Confidence for graduation

First-Gen Friday

Ouachita Baptist UniversityNovember 24, 2023 - Tiffany Pickett

Editor's Note: We're honoring Ouachita's first-generation students, alumni, faculty and staff throughout November with special events and emphases, including a series of weekly posts authored by first gens on the Stories blog. Read about our campus celebrations and find more stories at obu.edu/firstgen.


“Fake it until you make it.” While a common phrase in the leadership/business management advice genre, it’s genuinely how I survived my freshman year as a first-generation college student.

I smiled. I nodded. I tried to exude the confidence that I knew exactly what I was doing, but in reality, to quote Michael Scott from “The Office”: “I knew exactly what to do. But in a much more real sense, I had no idea what to do.”

I would quietly ask questions to friends I could trust or pray that another classmate asked the question I wanted to ask in class. Or I would just flounder and pray my professors and the staff at my college would show grace towards me. Floundering rarely worked out.

Don’t be like me. Don’t use floundering as a strategy.

What, exactly, didn’t I know? How to speak the college language. What “hours” meant. How many hours I needed per semester in order to graduate. (Yes, we had advisors, but you have to have a basic knowledge of the terms before advising is helpful.) How to sign up for tutoring. How to know what careers options matched my interests. I’m from a town of 70 people; I couldn’t really comprehend the vast career opportunities that exist in the world. There might be more out there than being a doctor or lawyer, but you don’t know what you don’t know. Freshman Tiffany wouldn’t begin to believe that adult Tiffany’s career is full of all the things that give her life and fulfillment.

Beyond the language of college I wasn’t sure about were cultural differences and changes I wasn’t prepared for.

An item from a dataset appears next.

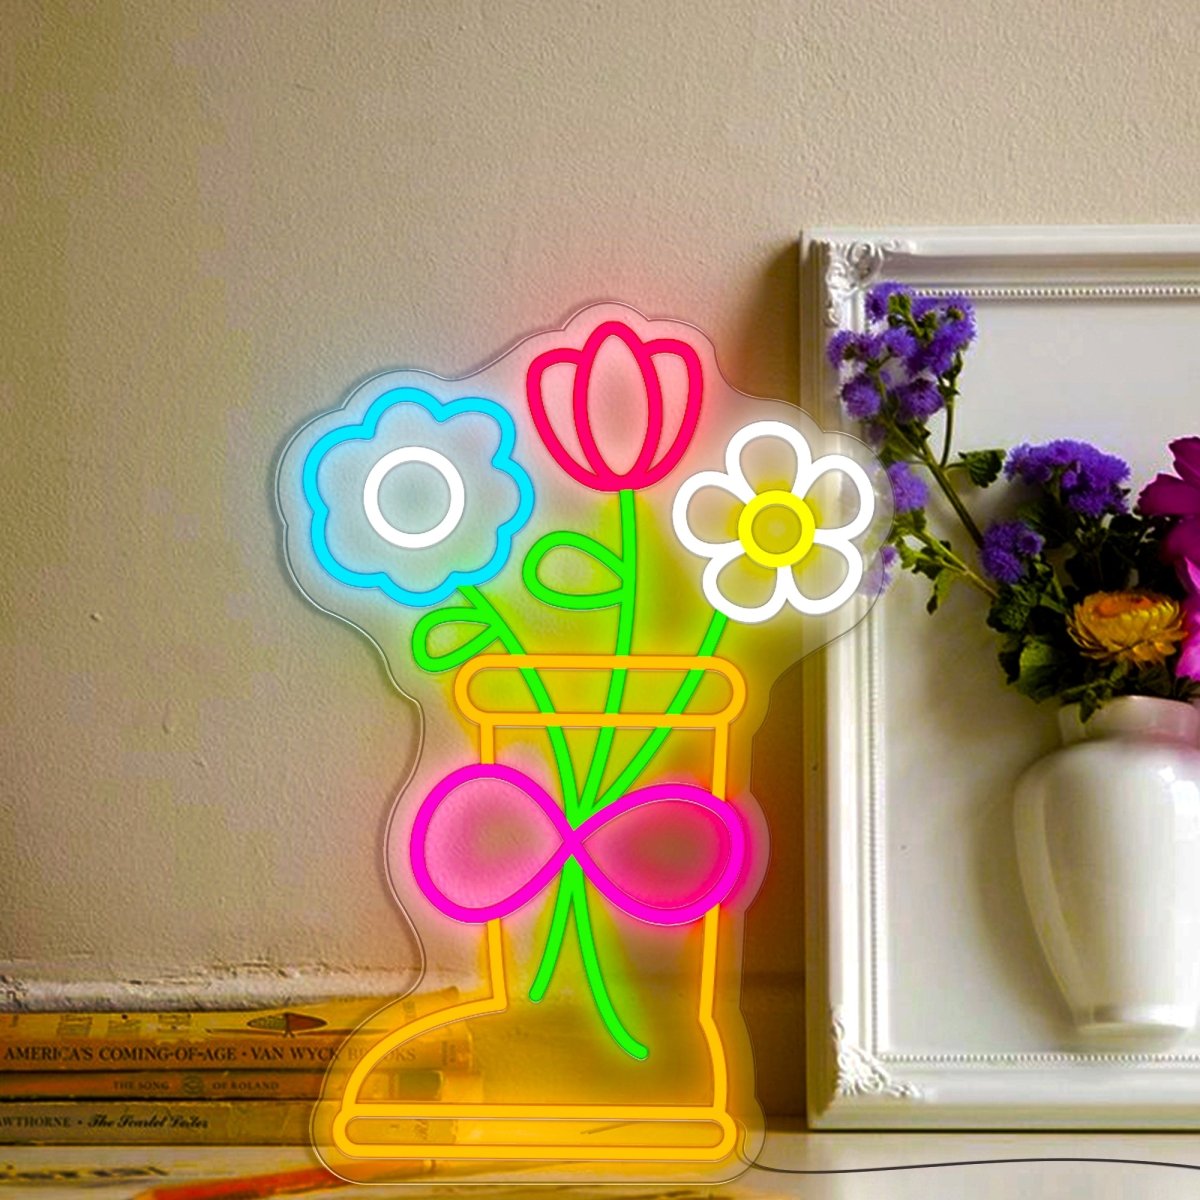 Blooming Boots Led Neon Sign - Reels Custom

I’m from a very rural part of Arkansas and had a thick Southern accent upon entering college. I said words maybe incorrectly or words that are not universally used. I didn’t come from a suburban middle-class background, so there were things that just didn’t translate between myself and others.

Looking back, I wish I hadn’t been so self-conscious and hadn’t let those differences make me feel inferior. Now I’m really proud of where I came from and how those people in that place made me who I am.

I’m proud of being a first-generation college graduate. The drive to work in higher education comes largely from wanting students to understand and be equipped to navigate how universities operate. How to speak the language and interpret it in ways they can understand. To have an easier time than I did. For students from all backgrounds to know exactly what to do, so hopefully no one has to ever “fake it until they make it.”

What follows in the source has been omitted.